Olgunia bondarenkoae consists of a grouping of oval, saccular bodies, which grow up to a maximum length of 50 mm, and a width of 10 mm. These are suggested to have stood up above the surface, and were attached to the substrate via small attachment disks, similar to Funisia and Vaveliksia, which are recorded to get up to 7 mm in diameter, with some noted to have tubercles in their center. The saccular bodies are noted to have irregular transverse partitions, ranging from intervals of 1-5 mm, with noted zonal 'grouping' of some of the partitions, which has been suggested to be a response to a change in the local environment, something observed in tabulate corals.

Whilst it is noted to be similar to other members of the family Olgunidae, it still has many noted distinctive differences. Compared to Vaveliksia, there are a greater number of less regularly arranged partitions, alongside dichotomous branching of the saccular bodies and a colonial lifestyle. Compared to Funisia, the bodies are more sac-like in nature instead of stick-like, and the differing concentric nature of either organism.

== Taphonomy ==
The fossils of Olgunia are preserved within greenish-grey to reddish medium-grained sandstones, which are convex in shape with high and low relief, and the central parts of the fossils are slightly raised, forming a hummock shape. It is suggested that they were buried due to mounds of sand settling around the sac-like bodies, and later gained their depressed shape when they inverted due to the uneven compaction of the sand and surrounding silts, causing the organic material to sink, with the convexity downwards, during fossilisation.

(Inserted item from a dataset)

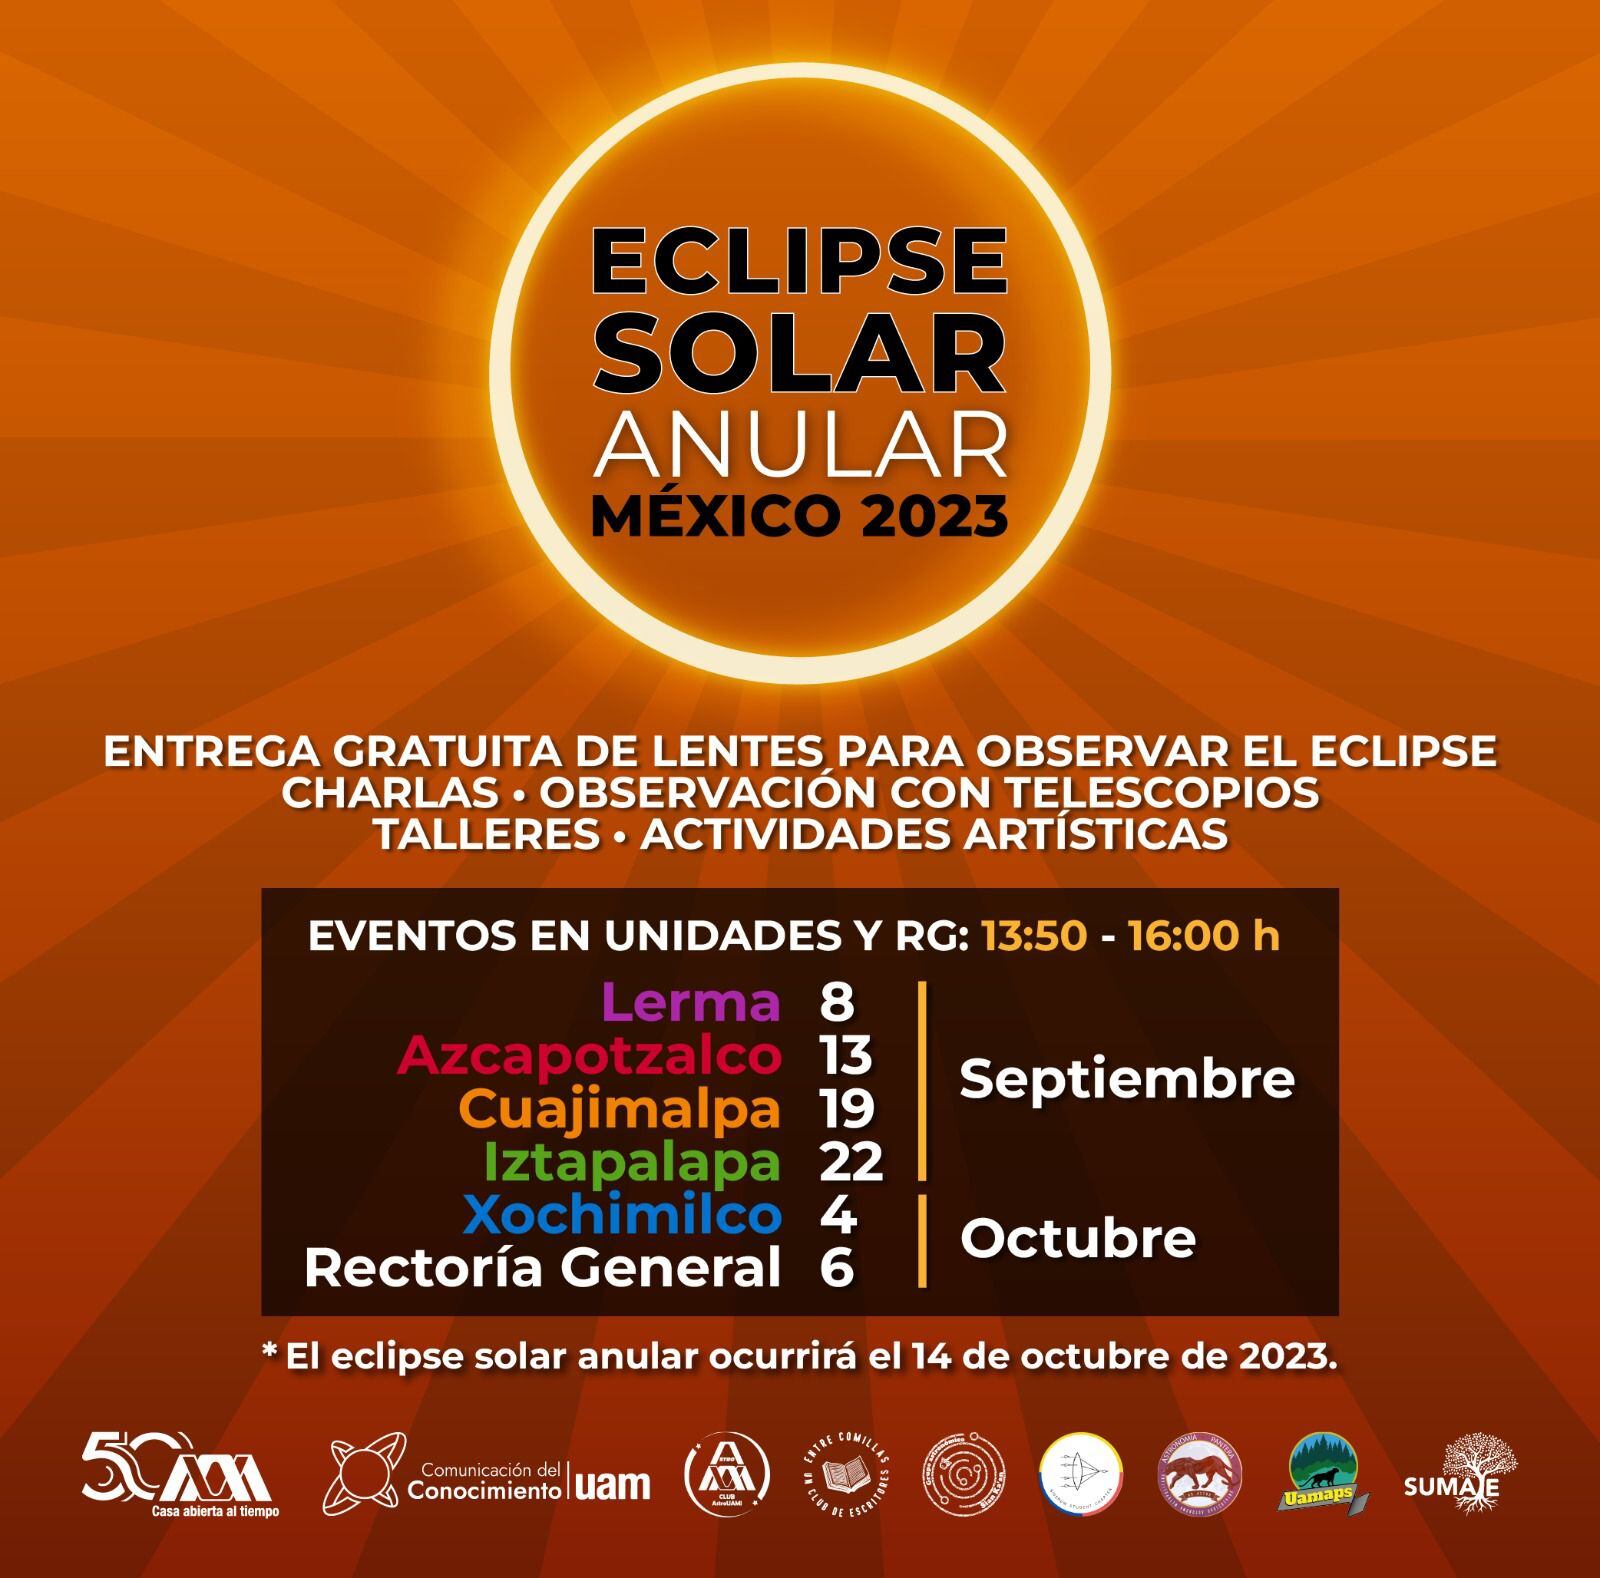 La  Universidad Autónoma Metropolitana (UAM) regalará lentes especiales para ver el eclipse solar anular en México este 14 de octubre de 2023.

The fossil material itself appear regularly in a fan-like shape, with small rounded circular forms in the centre that are encircled by suboval bodies radiating outwards. From this, it is suggested that the circular forms represent the holdfast disks of the sac-like bodies, which most likely stood erect from the surface of the substrate. This is further supported by the bodies overlapping each other, and due to the higher number of disks to bodies, the marginal bodies were the only ones preserved, whilst the more central ones decomposed, again further hinted at some of the central disks still preserving tubercles. The bodies were also three dimensional in shape, due to the ability of being able to separate some of the bodies from the matrix, and bear similarities to Funisia, which are regarded as three dimensional hollow tubes.